Meredith: Arrrrr!! Piracy!
Young Kid: What's in the potatoes?
Eric (waving fingers): I knew you'd come if I fingered you.
Meredith: Playing hacke sack with keys kind of hurts. We need a sack.
Eric: ...by the noose of your beliefs.. wait I wrote moose, ha ha.
Eric: It's Raaahhhhnnnndddyyyy!
Rich (our teacher): Okay so what did you guys think of this song?
Eric: Hm...tweedle dum, tweedle dee im the real enemy......hm i dunno what could go after that..do do do.
Eric: Can I kill Britney Spears (somebody we called britney spears)?
Intern: Fuckers, fuckers, fuckers it's time to go play.
Eric: So you're allergic to this cake? Well, what if you ate it?
Eric: I'm going to kill you and steal your perfect pitch superpowers!
Eric: DELIGGGGHT FESTTTTT!"
Glenn: See, the other day I was listening to Martha Stewart, right? And she was telling us useless facts that won't help save our lives. 'A great drink for the summer is Iced Tea with a little bit of sugar and a piece of lemon.' Thanks Martha, because I had no idea of course. But you know, I don't think a little delicate glass of iced tea is going to save me when a giant pack of wolves are outside my front door. See? I tell you guys useful things you can actually use. That's why Martha is terrible."

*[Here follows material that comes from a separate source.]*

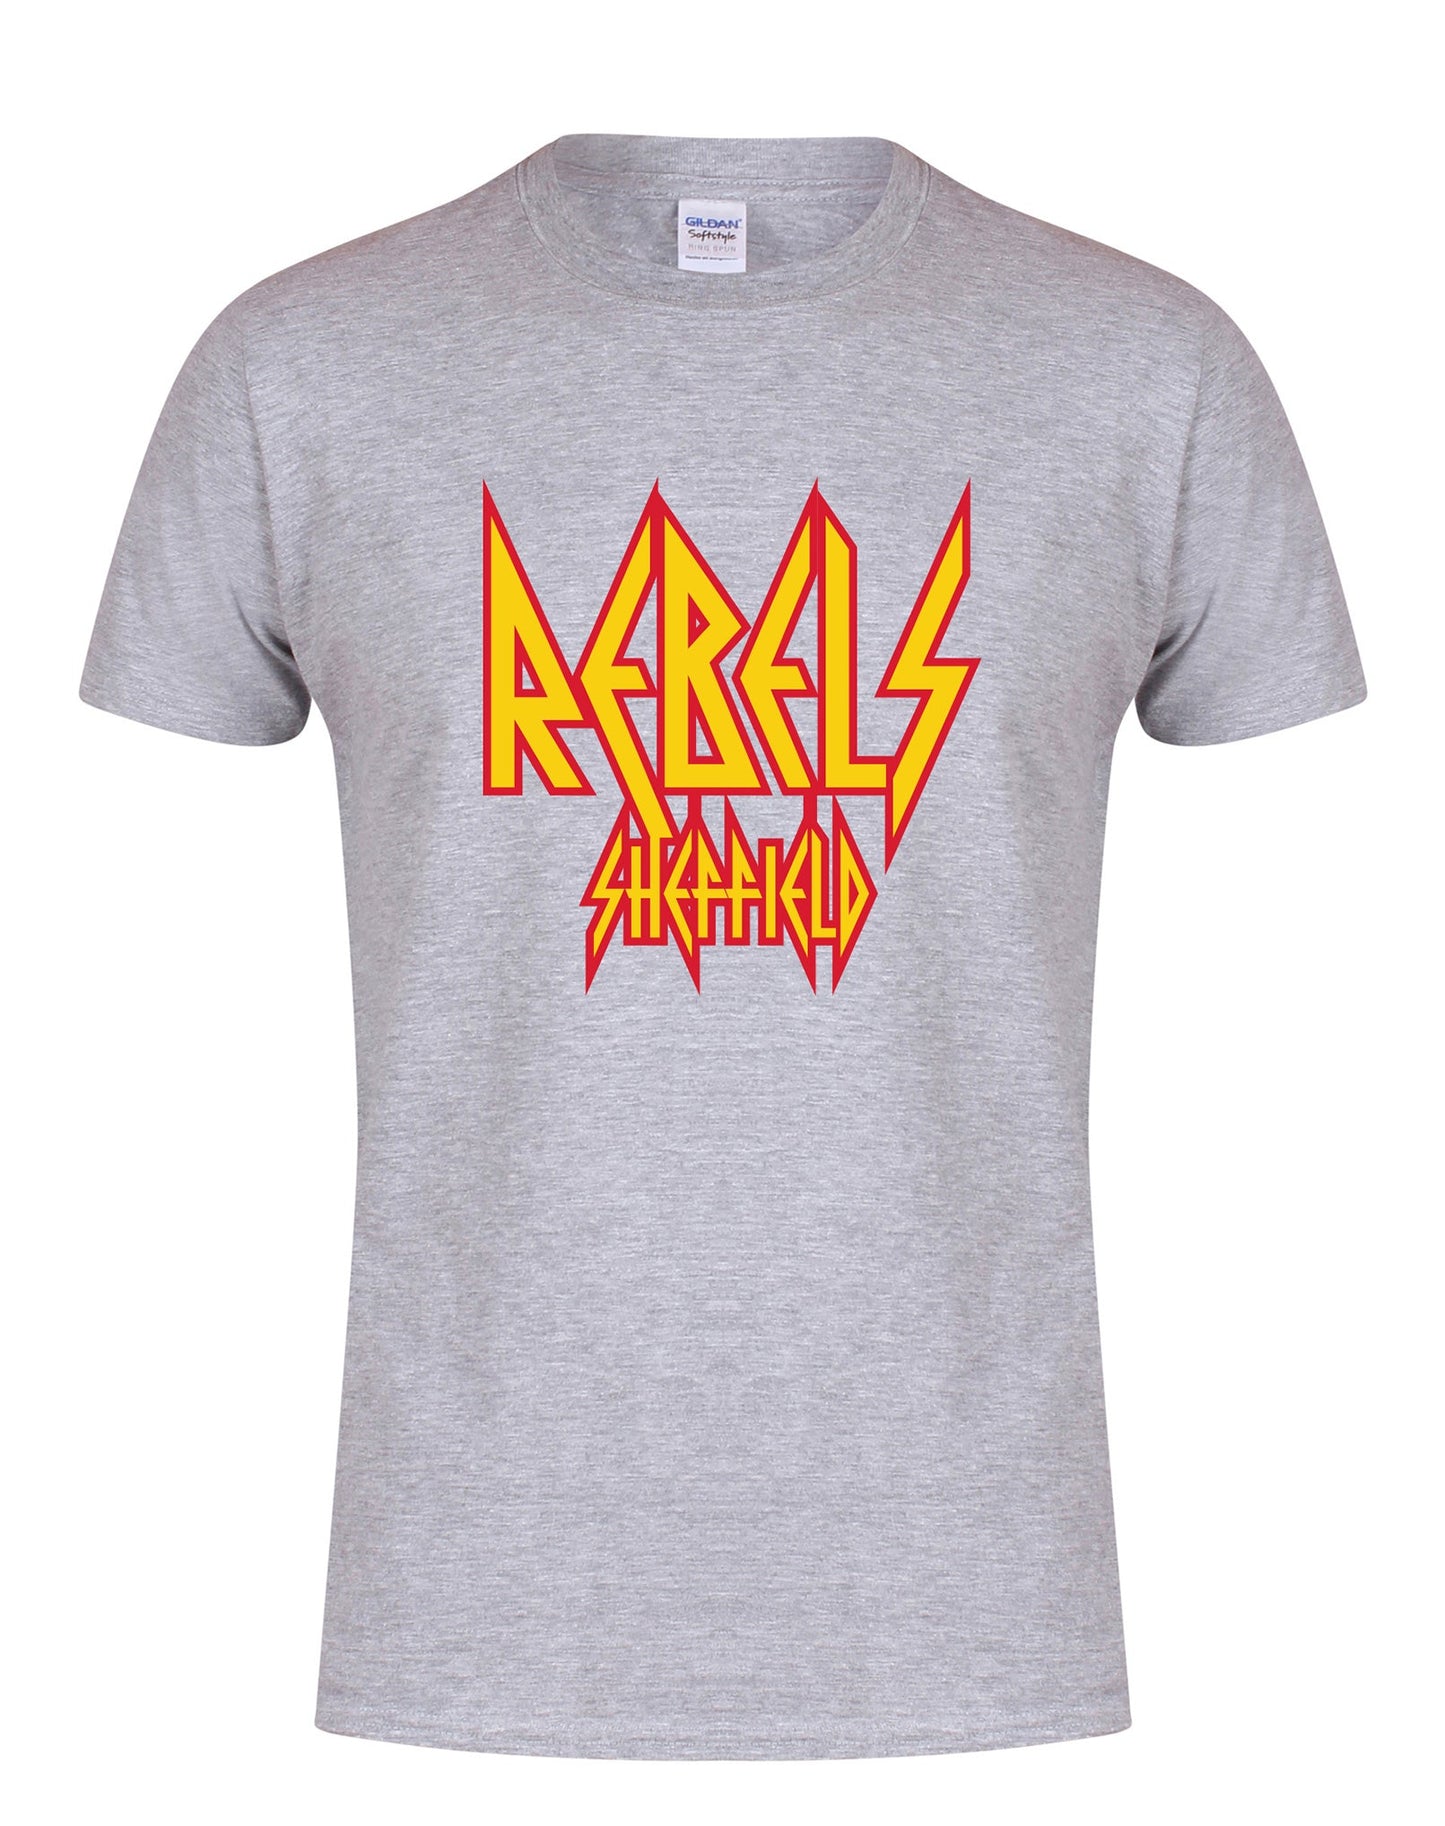 Rebels - Def Leppard design - unisex fit T-shirt - various colours - Dirty Stop Outs
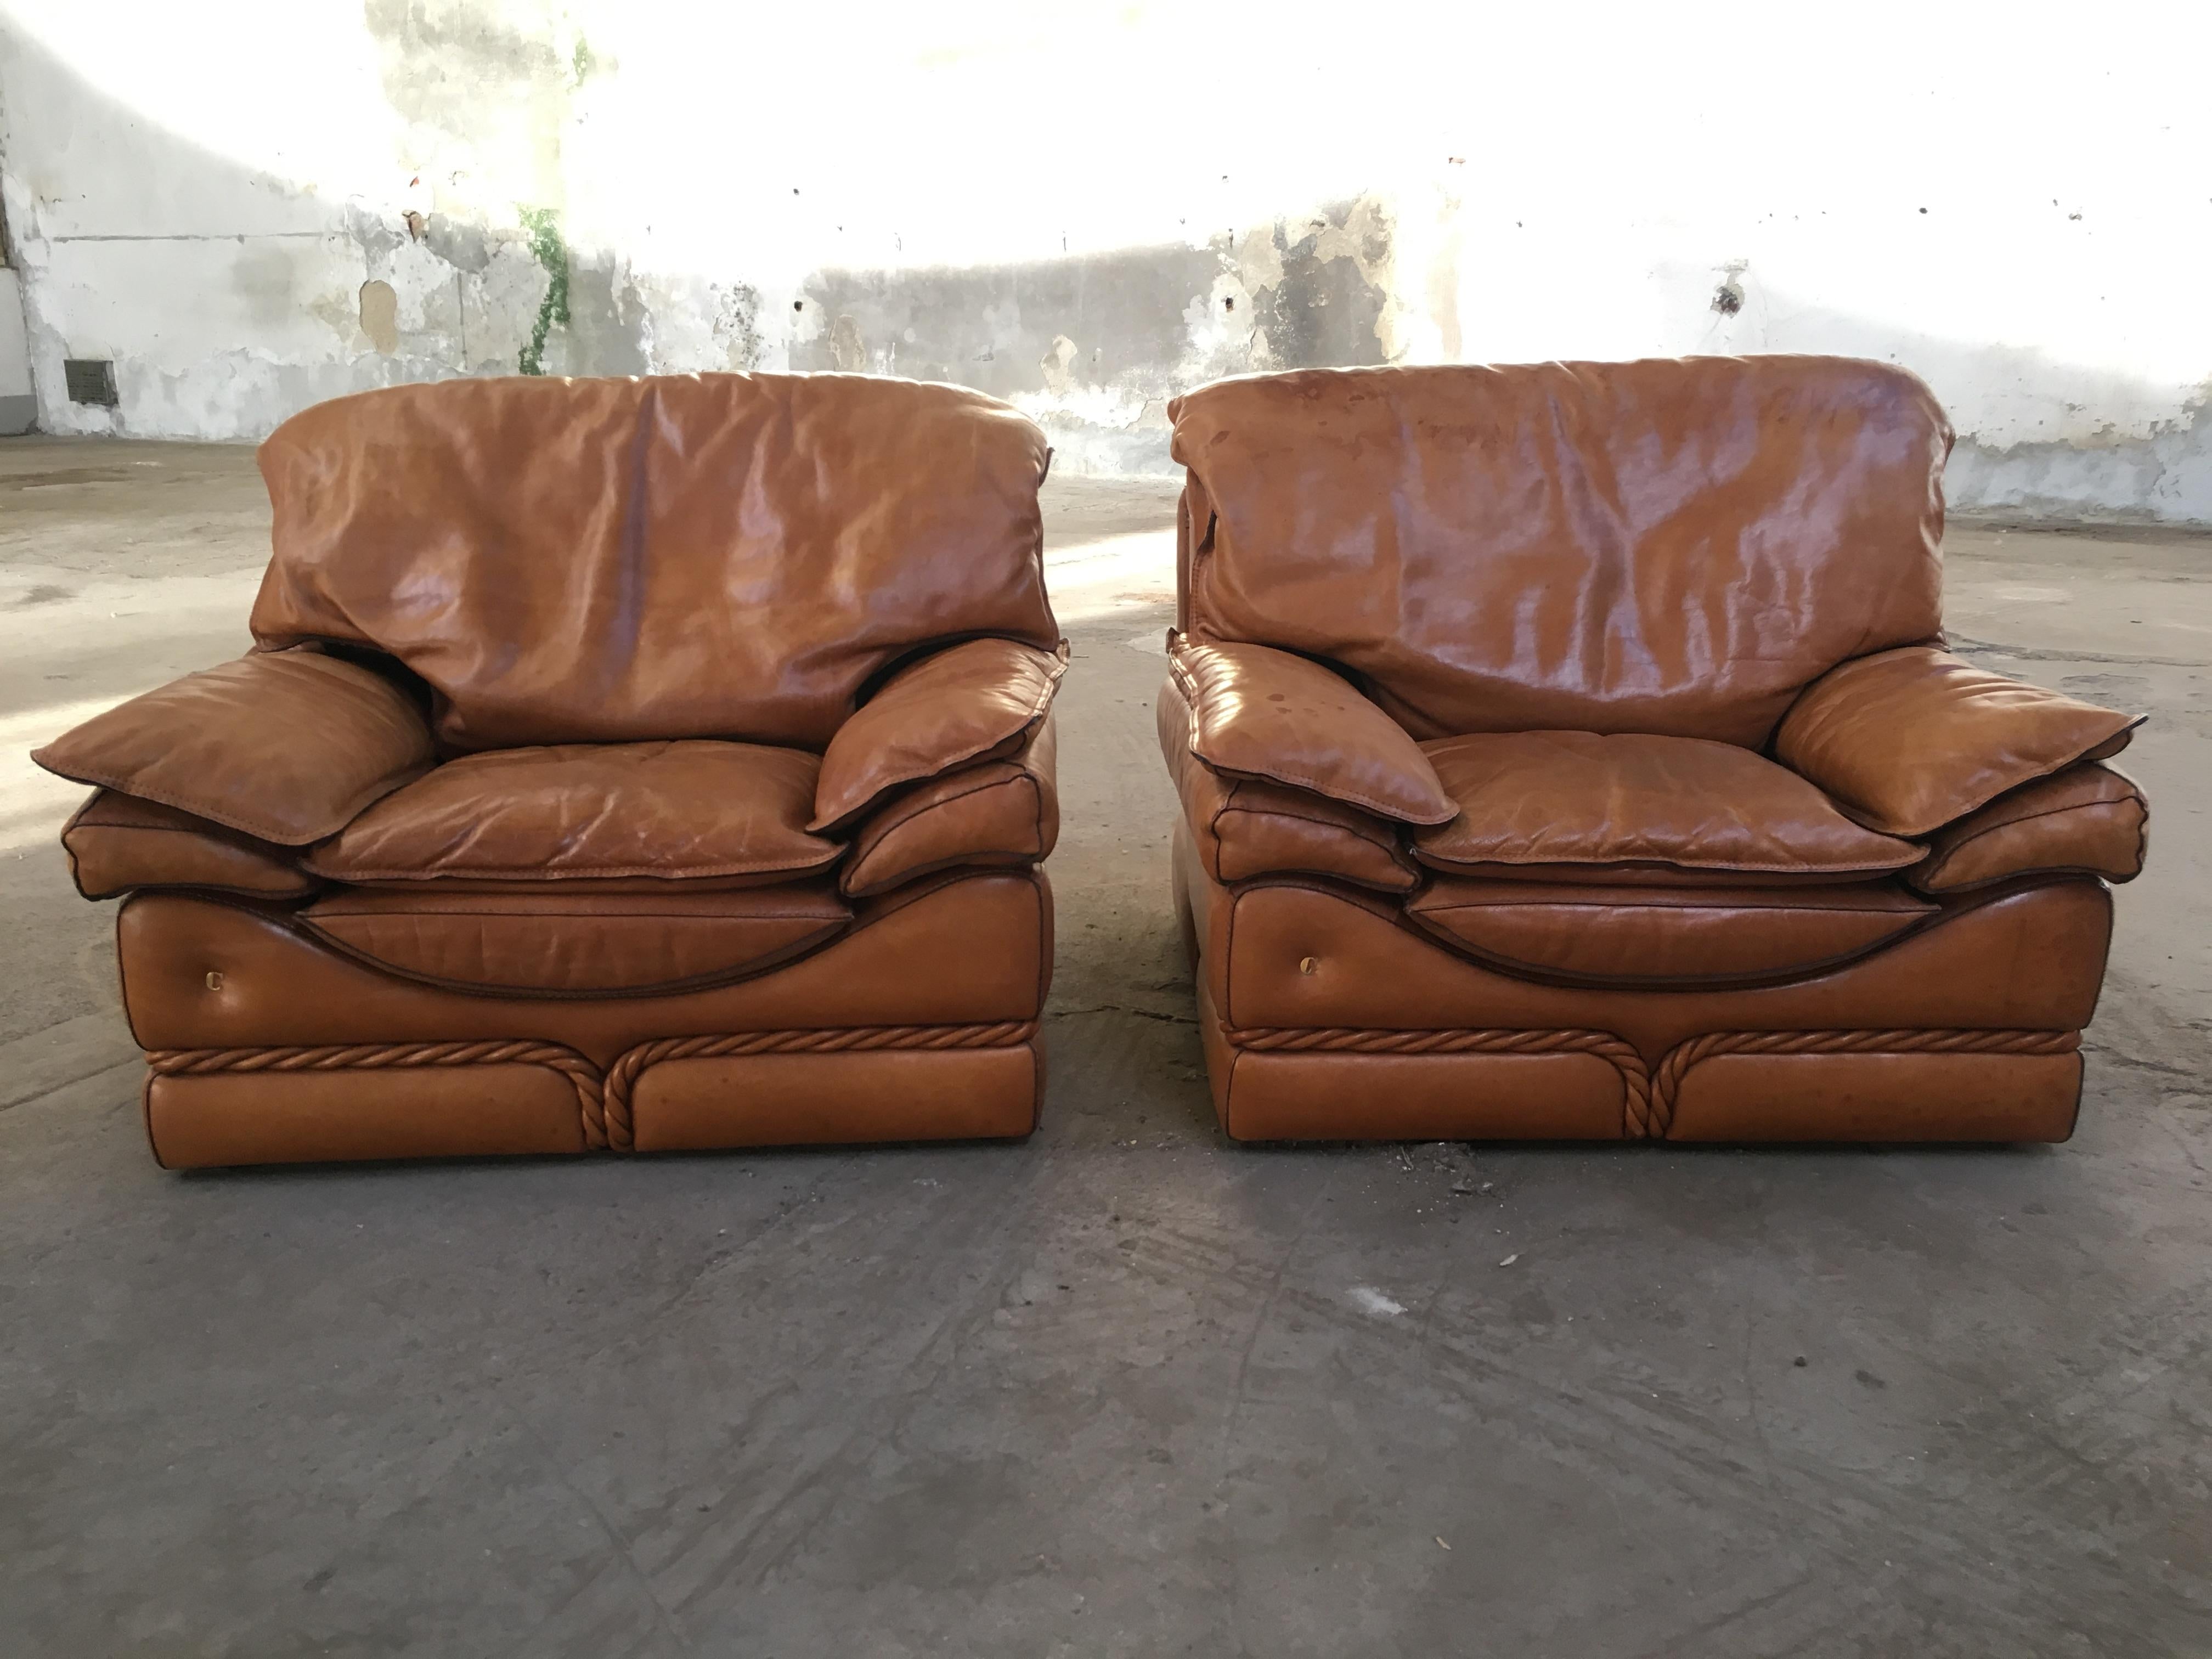 Late 20th Century Mid-Century Modern Italian Pair of Leather Armchairs by Mobilificio Colombo For Sale

Eric: Dude! You can play Drain You! You Rock!!!
Lunch Lady: Yams.
Eric: Hey, you can play with my sack.
Meredith: MY moose doesn't HAVE any beliefs.
Meredith: Oh. I really didn't like it.
Eric (later): Dude, he's your bitch!
Meredith: Just go do do do do do do do do do do do do !
Eric: Dude! that works!
Meredith: Well apparently I am currently named Fucker.
Meredith: I become invisible.
Eric: What if I threw milk at you? Would you melt?